Mr. Alan Greenspan ended his 18-year tenure as chairman of the U.S. Federal Reserve Board this week, stepping down after the Fed raised interest rates to their highest level in nearly five years.
Mr. Greenspan is widely regarded as an icon who navigated the U.S. economy through treacherous shoals. Still, he bequeathed his successor some troubling legacies that threaten the economy and may yet tarnish his legendary image.
Only a few weeks after Mr. Greenspan took the helm at the Federal Reserve in 1987, the U.S. stock market marked the biggest fall in its history, even worse than the crash of 1929. The chairman weathered this test by drastically cutting interest rates, which helped stabilize the U.S. economy and that of the world. A few years later, Iraq invaded Kuwait and the world responded with the first Persian Gulf War. Again, Mr. Greenspan’s steady hand kept the U.S. economy on an even track.
Throughout the unprecedented growth during the 1990s, the information technology revolution, the dot-com boom and bust, the stunning terrorist attacks on the United States and a second war with Iraq, Mr. Greenspan successfully steered the U.S. economy. Not bad for a former music student.
Mr. Greenspan’s greatest achievement was recognizing that productivity changes during the 1990s, brought about by the introduction of new technologies, permitted higher economic growth that did not fan inflation. Despite concerns about overheating, Mr. Greenspan kept interests rates low, which pushed U.S. unemployment levels to new lows.

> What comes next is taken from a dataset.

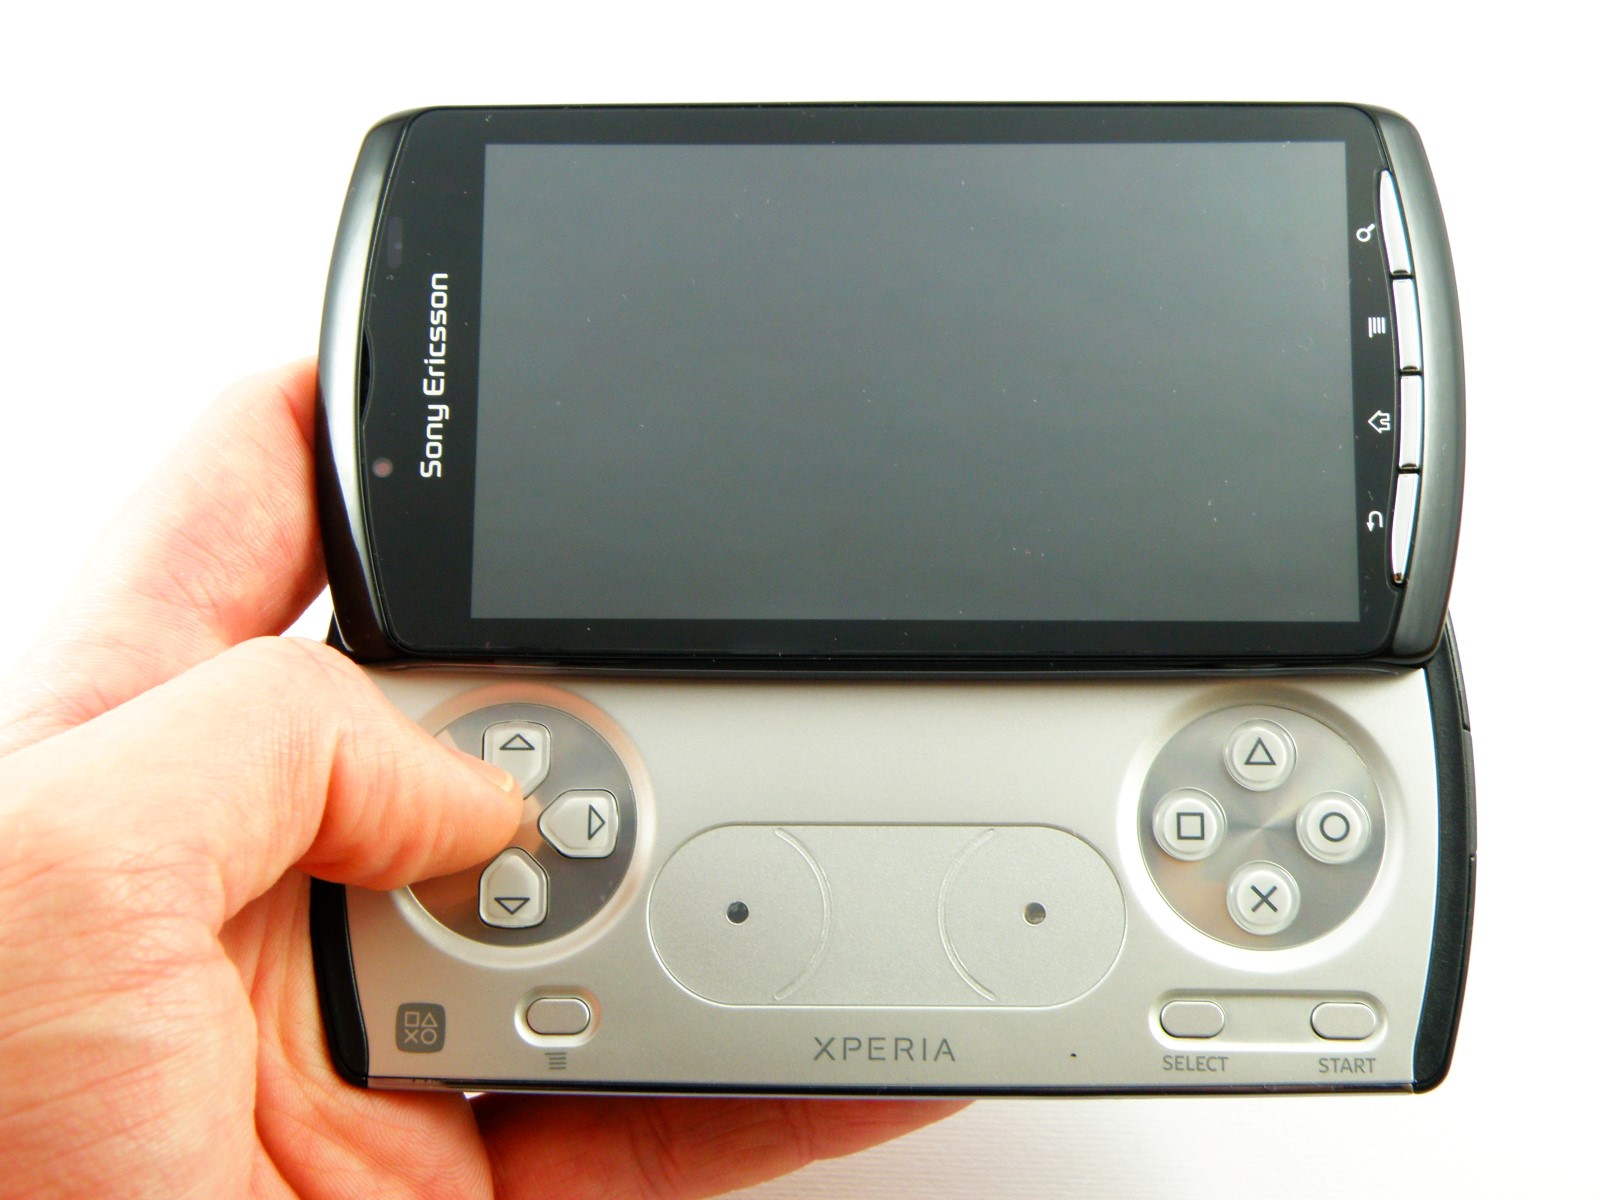 Bootloader Check On Xperia Play: A Step-by-Step Guide

The 9/11 terrorist attacks on the U.S. created great uncertainty, and the loose money policy continued. After weathering that crisis, concerns about rising oil prices and inflation in general have prompted the Fed to slowly raise interest rates. As expected, at the last meeting that Mr. Greenspan chaired, the Fed raised its lending rate for the 14th consecutive time by a quarter point, to 4.5 percent. That translates into a prime interest rate of about 7.25 percent for consumers.
While most market watchers expect yet another rate increase, it is not certain. Mr. Ben Bernanke, Mr. Greenspan’s successor, has stressed the need for continuity at the Fed, and the statement accompanying this week’s decision noted that inflationary pressures remain a concern. The new chairman will give his semi-annual testimony before Congress in mid-February and that should provide some insight into his thinking.

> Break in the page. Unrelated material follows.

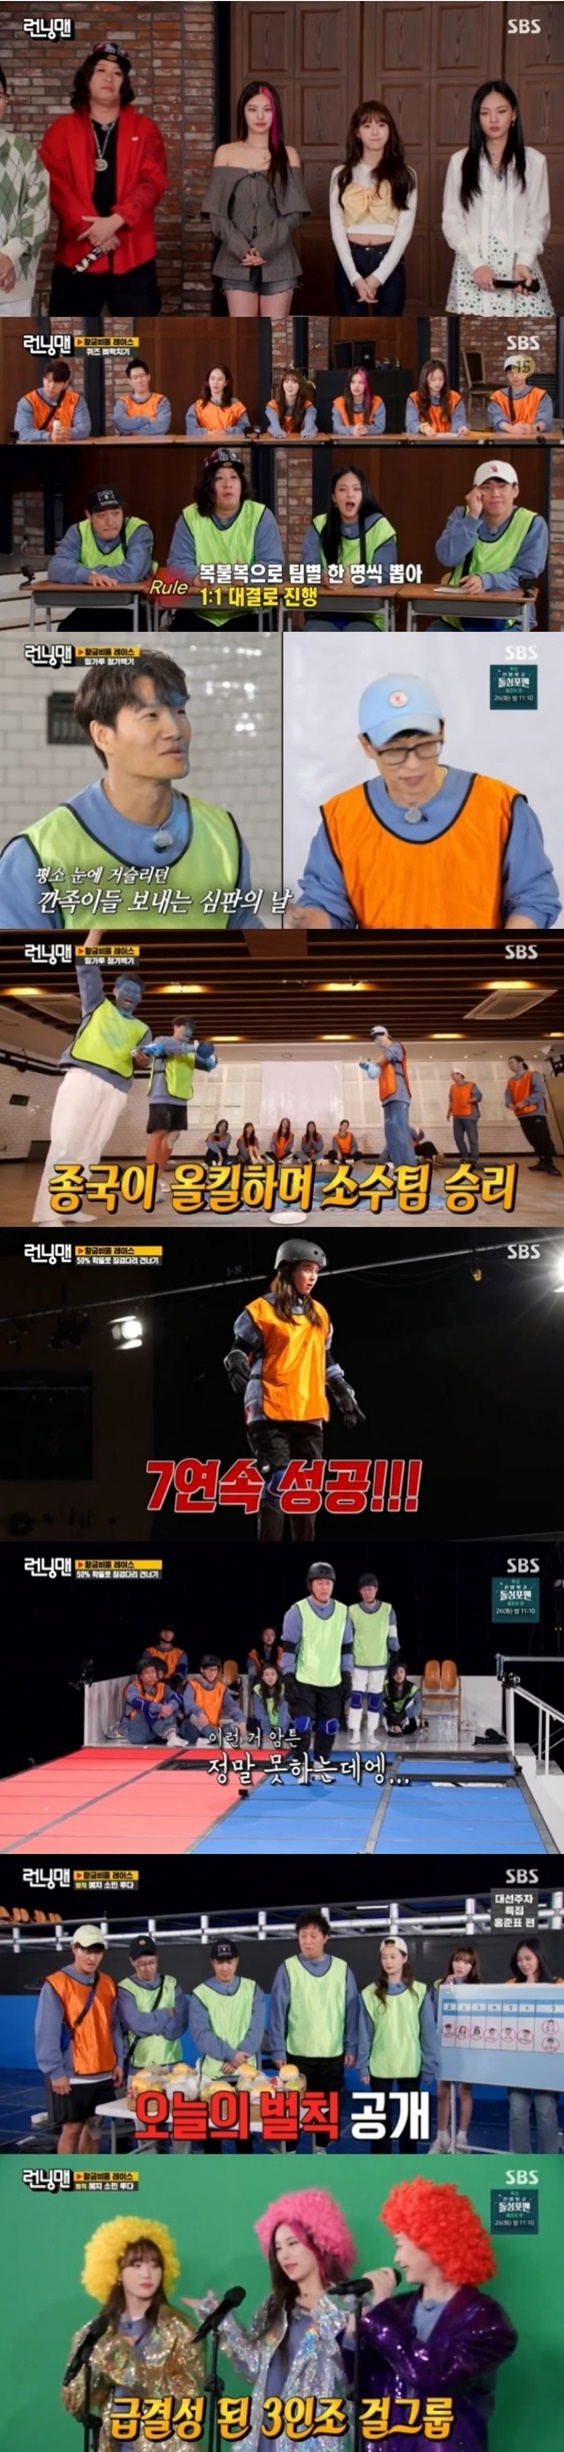 Running Man, which aired on the last 24 Days, ranked first in entertainment in the same time zone with an average audience rating of 5.9% (hereinafter based on Nielsen Korea Seoul Capital Area, household), and the highest audience rating per minute jumped to 10.3%.The 2049 ratings, the main indicator and target indicator of advertisers, also ranked first in the same time zone with 3.2% (hereinafter based on Nielsen Korea Seoul Capital Area).The broadcast was decorated with Golden Ratio Race, and guest Min-ji, singer Bibi, ITZY Yezi and space girl Luda, who represent the MZ generation, joined together.Golden Ratio Race was a quiz showdown with a captain giving a number while conducting a round keyword mission, and PD decided to draw a number to decide the team.Kim Jong-kook became the captain, while Yang Se-chan, Haha, MC Min-ji and Bibi became a minority team of empties.However, the quiz showdown was unexpected and a minority team won.The second race was teamed with Kim Jong-kook, with Ji Suk-jin being selected as the captain and PD picking up two.The somewhere sick white flag confrontation was held and the appearance of the absolute strongman Kim Jong-kook made many teams fearful.This game, which had to be punched by MCs command with flour buried, was a game in favor of Kim Jong-kook, who was ahead of power, and Kim Jong-kook and Min-jis confrontation gave a big smile.The final race had to cross the stepping stones only with a tentacle; members complained of fear in the extreme situation where they had to Choices the broken styrofoam and hard wooden-plate legs at 1/2 odds.The King of the Bold Song Ji-hyo was also nervous, but overcame a huge odds fight and Choices seven straight wooden legs.Yang Se-chan stepped up after the same team Bibi was eliminated immediately.Yang Se-chan laughed at his smile, saying, I will go to the bean in Gangshi mode. He laughed and laughed at his knife, which he did not think.The scene took the best one minute with a top audience rating of 10.3% per minute.Thanks to Song Ji-hyos performance, Kim Jong-kooks team easily crossed the bridge, and opponents Ji Suk-jin, Min-ji, Luda, Jeon So-min, Haha and Yezi did not advance more than a step.The final result was Kim Jong-kook first, Song Ji-hyo second, and Jeon So-min, Luda and Yezi received penalties.

With the U.S. economy growing a healthy 3.5 percent in 2005 — despite a slowdown in the fourth quarter — there will be pressure to keep tightening. The market has apparently factored in one more increase, and Mr. Bernanke may want to signal that he will be no less an inflation hawk than was his predecessor. Long-term yields suggest expectations that a peak has been reached, however. Whether that’s true may depend on other, less positive elements of Mr. Greenspan’s legacy.

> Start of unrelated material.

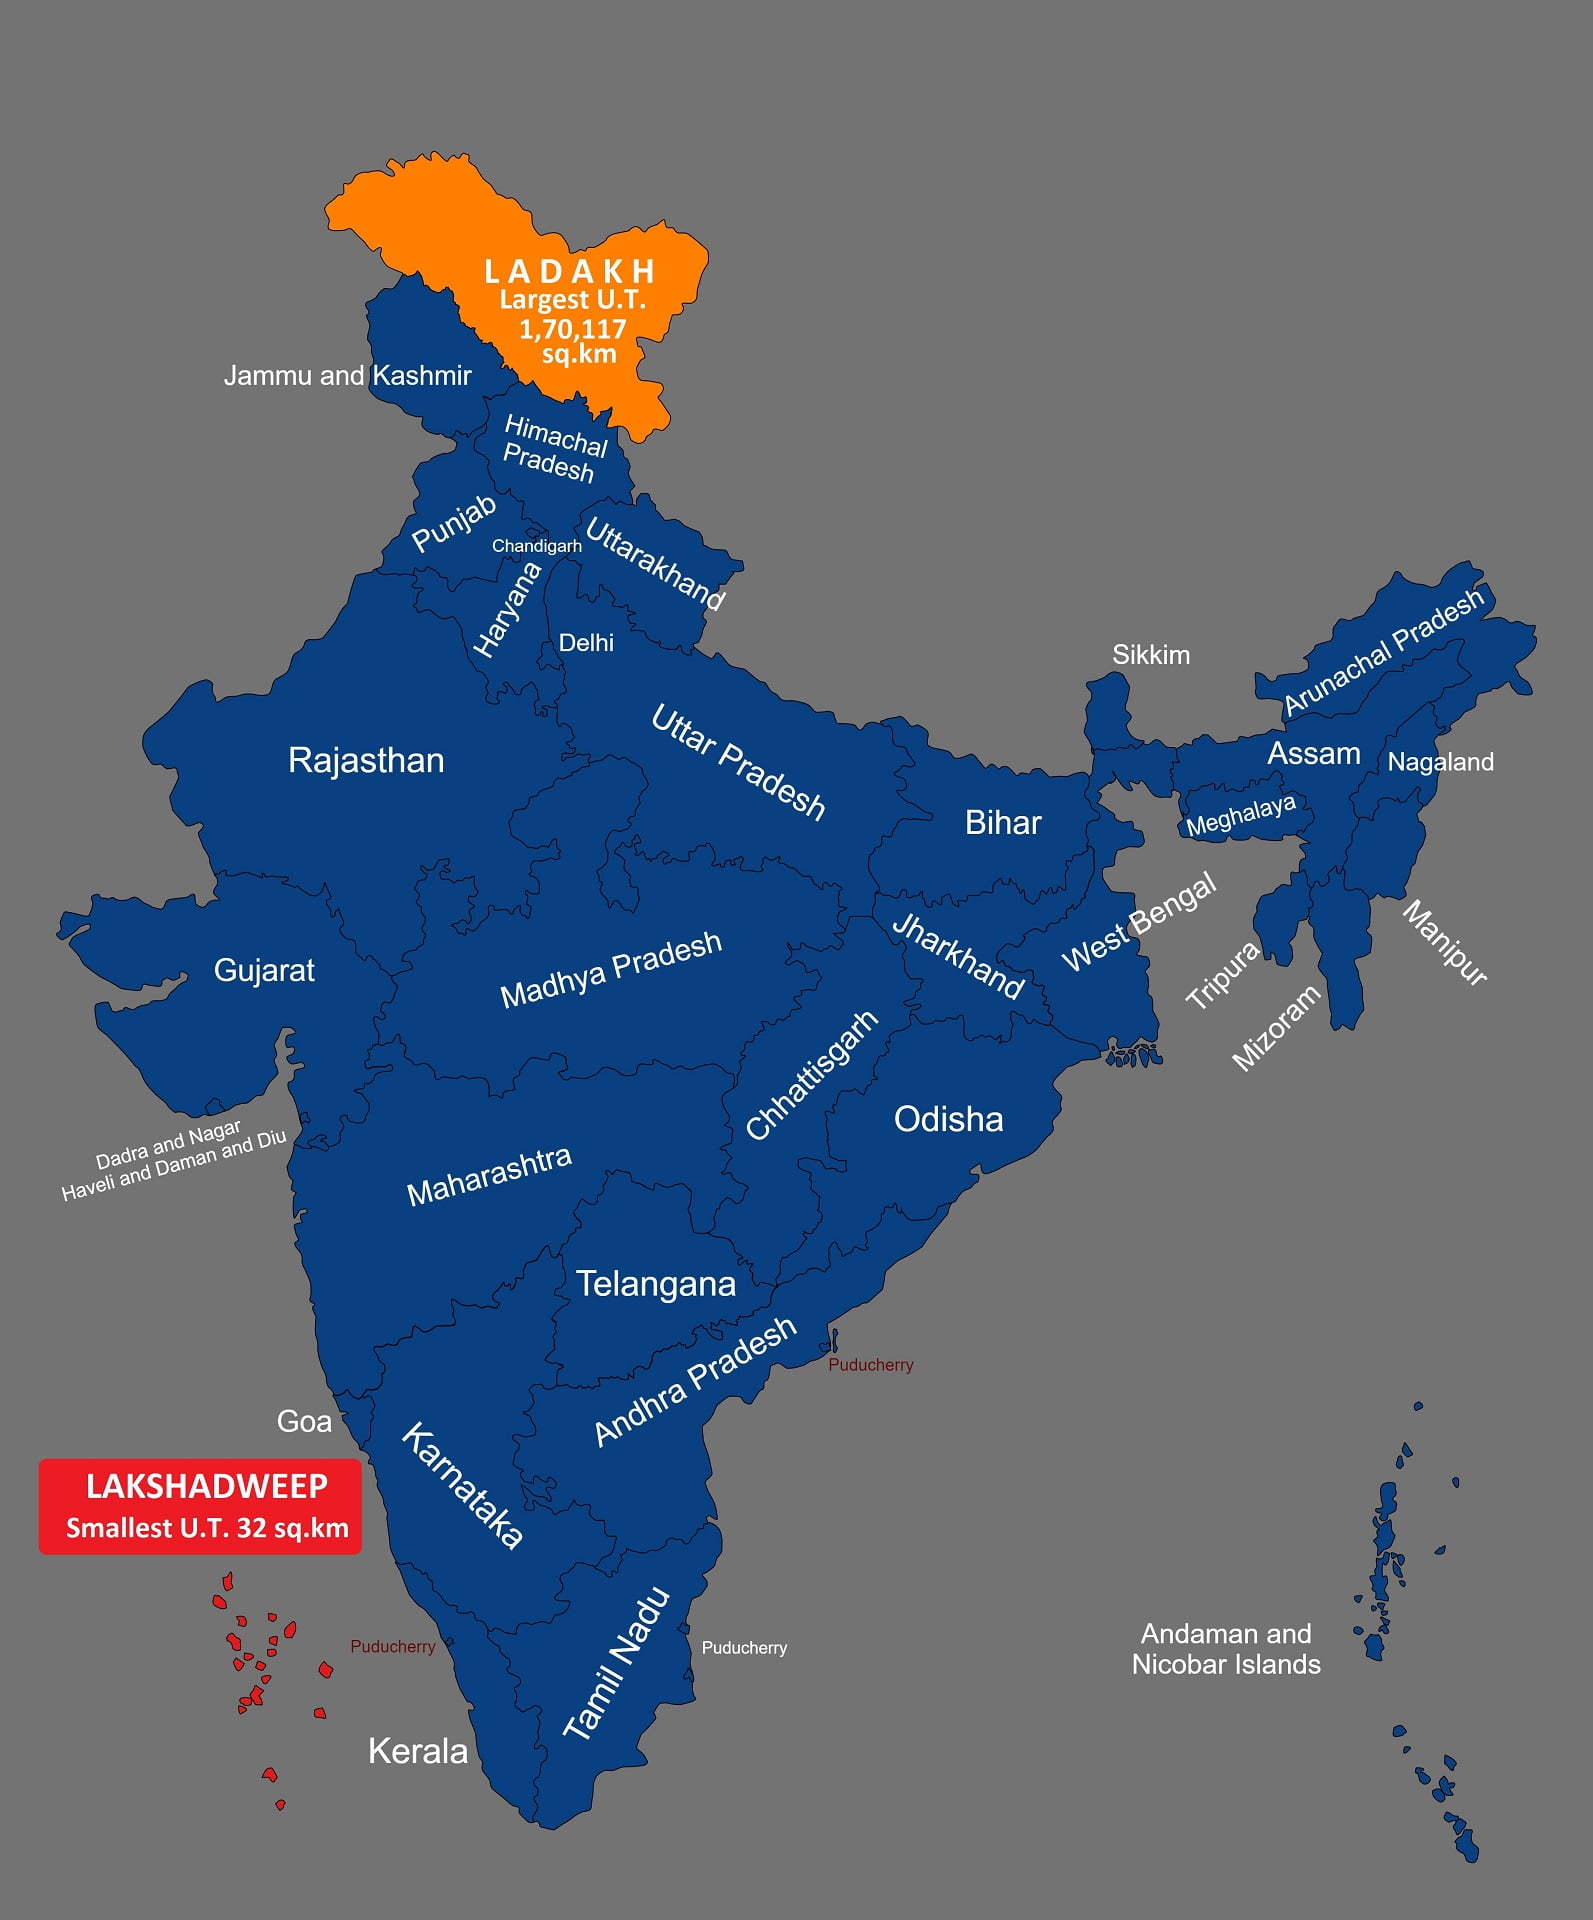 List of the Largest to Smallest Union Territories of India in terms of Area

While the U.S. has had only two short recessions during Mr. Greenspan’s tenure, there are troubling indicators. Many economists worry about a housing bubble — inflated home prices that have encouraged spending and alarming levels of debt.
In testimony last year, Mr. Greenspan denied there was a real “bubble,” but conceded there were “signs of froth in some local markets where home prices seem to have risen to unsustainable levels.” Low interest rates and rising housing prices have encouraged Americans to take on record levels of debt. That tendency has been matched by fiscal imbalances by the U.S. federal government, courtesy of the Bush tax cuts and the war in Iraq.
Today, the U.S. needs about $2 billion a day in foreign money to support its spending habits, both public and private. While that is not Mr. Greenspan’s fault, he has been accused of failing to speak out more sharply against such profligacy.
The last worrisome legacy that he leaves is an unbalance in the international economy. Here, too, Mr. Greenspan is not the culprit. If anything, he did his job too well, providing a safe haven for investors that other regulators could not match. His ability to keep the U.S. economy on an even keel ensured that the global economy continued to function smoothly, with America serving as the market of last resort for goods produced elsewhere. His success was not matched by other key economies, such as Europe and Japan, which has left the global economy dangerously unsteady. A slowdown in the U.S. would have worldwide effects.
That magnifies the pressure on Mr. Bernanke. And it may well be that Mr. Greenspan’s most dangerous legacy is the expectation that his successor will handle the pressure as well as he did. For that, Mr. Bernanke will need both skill and luck. We wish him both in the months and years to come.